Kaggle Bag of Words Meets Bag of Popcorns using Word2vec in R

An entry to Bag of words meets bag of popcorns using word2vec in R

To get competion data, click here

####Packages needed:

  • rword2vec
  • Rcpp and RcppArmadillo
  • rpart and randomForest
  • tm

####Code Explanation:

  • Word vectors are obtained by using rword2vec package.
  • Binary output file is converted into text file for further processing.
  • To create training dataset for sentiment classification for reviews using word vectors obtained above, two popular methods can be used:
  1. Vector Averaging
  2. Clustering
  • In first methods, we have to do vector averaging for each row of labeled and test dataset. There are many ways to do this but I have done this part using Rcpp and RcppArmadillo (R interface to C++) to avoid these compute intensive operations.
  • In clustering,we are doing bag of centroids instead of bag of words. This part is also done using Rcpp and RcppArmadillo to optimize speed.
  • Finally, classsification is done using random forest.

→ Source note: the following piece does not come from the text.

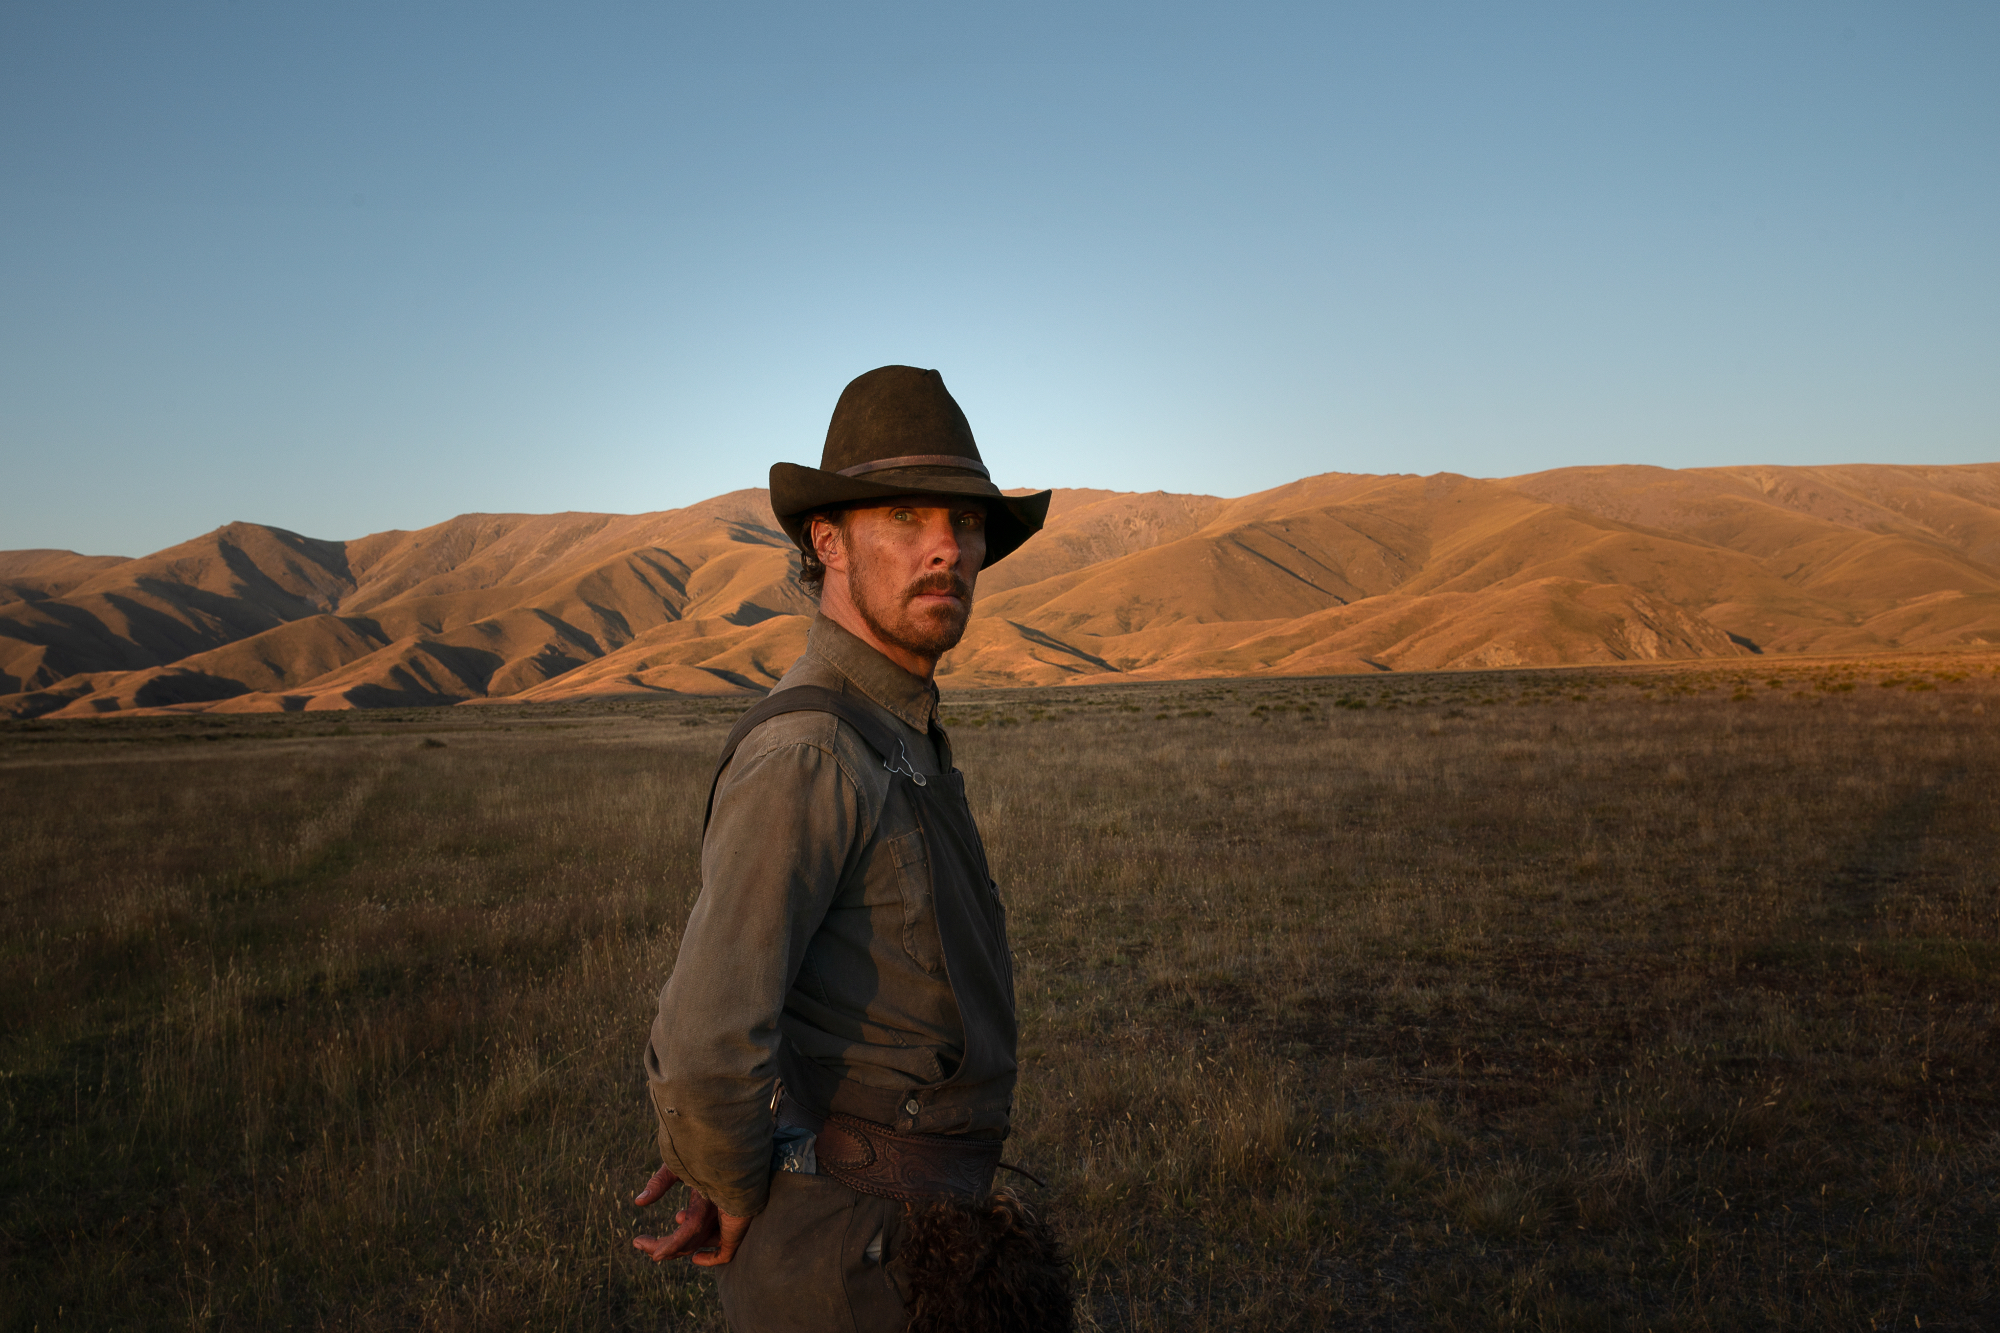 'The Power of the Dog' star Benedict Cumberbatch as Phil Burbank standing in a field in rancher clothes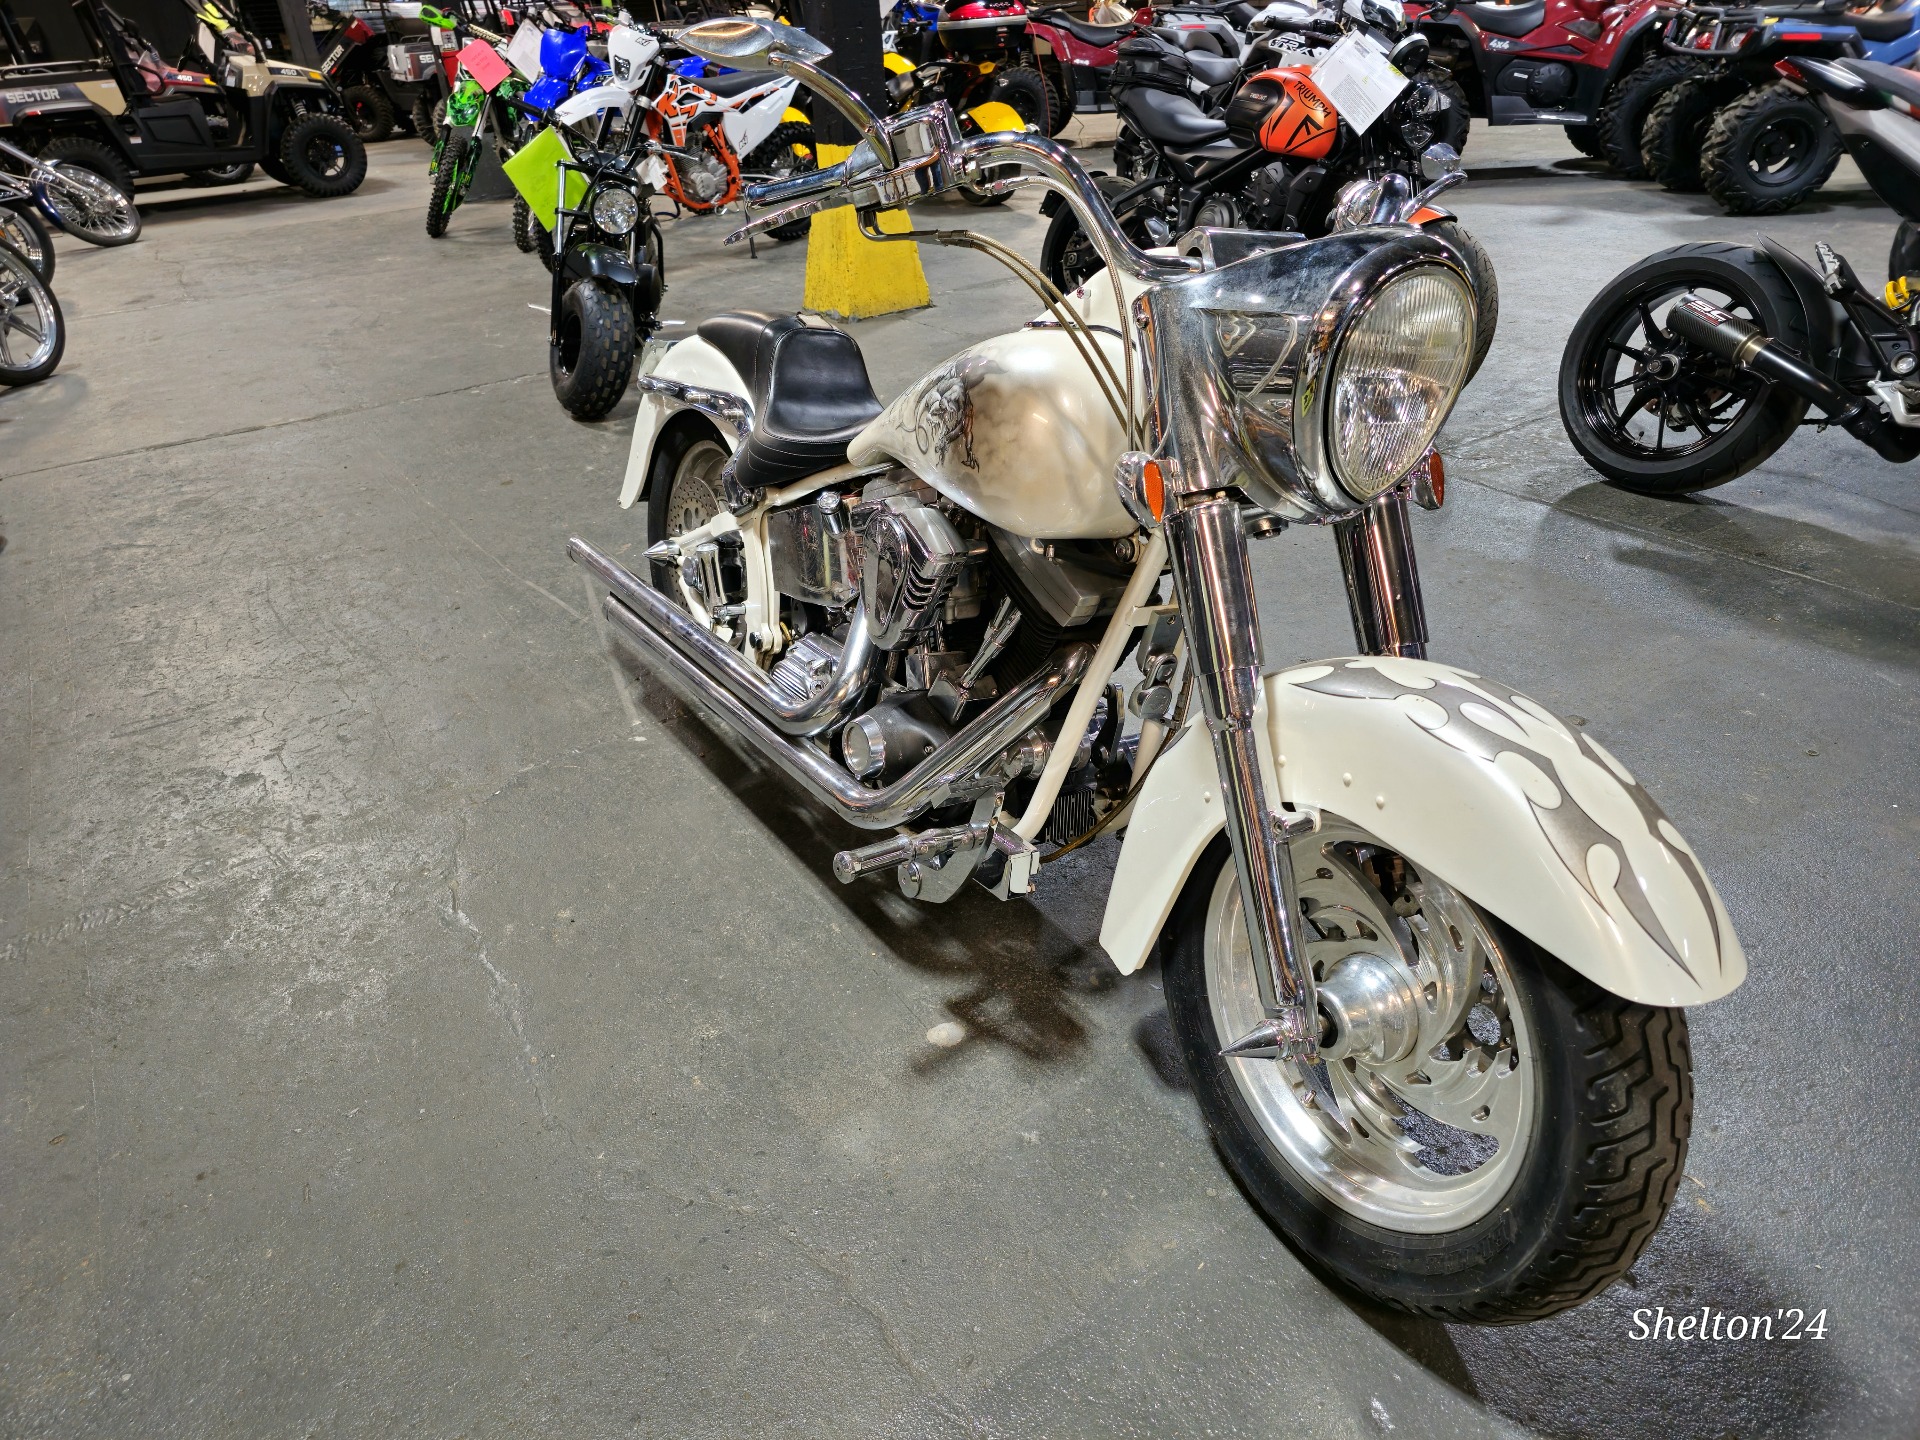 2003 ULTRA DIAMOND PRO SOFTAIL in Kingsport, Tennessee - Photo 4

####Note: I'd recommend to read this python tutorial series first for better understanding of vector averaging and clustering.

####Test dataset results:

image

Classification using Vector Averaging

image2

Classification using Clustering

####Results:

  • Accuracy obtained for averaging and bag of centroids is more than their respective threshold but it is still very less.
  • Accuracy can be improved using different machine learning algorithms like GBM,xgboost,neural networks etc and using techniques like stacking, blending, bagging etc.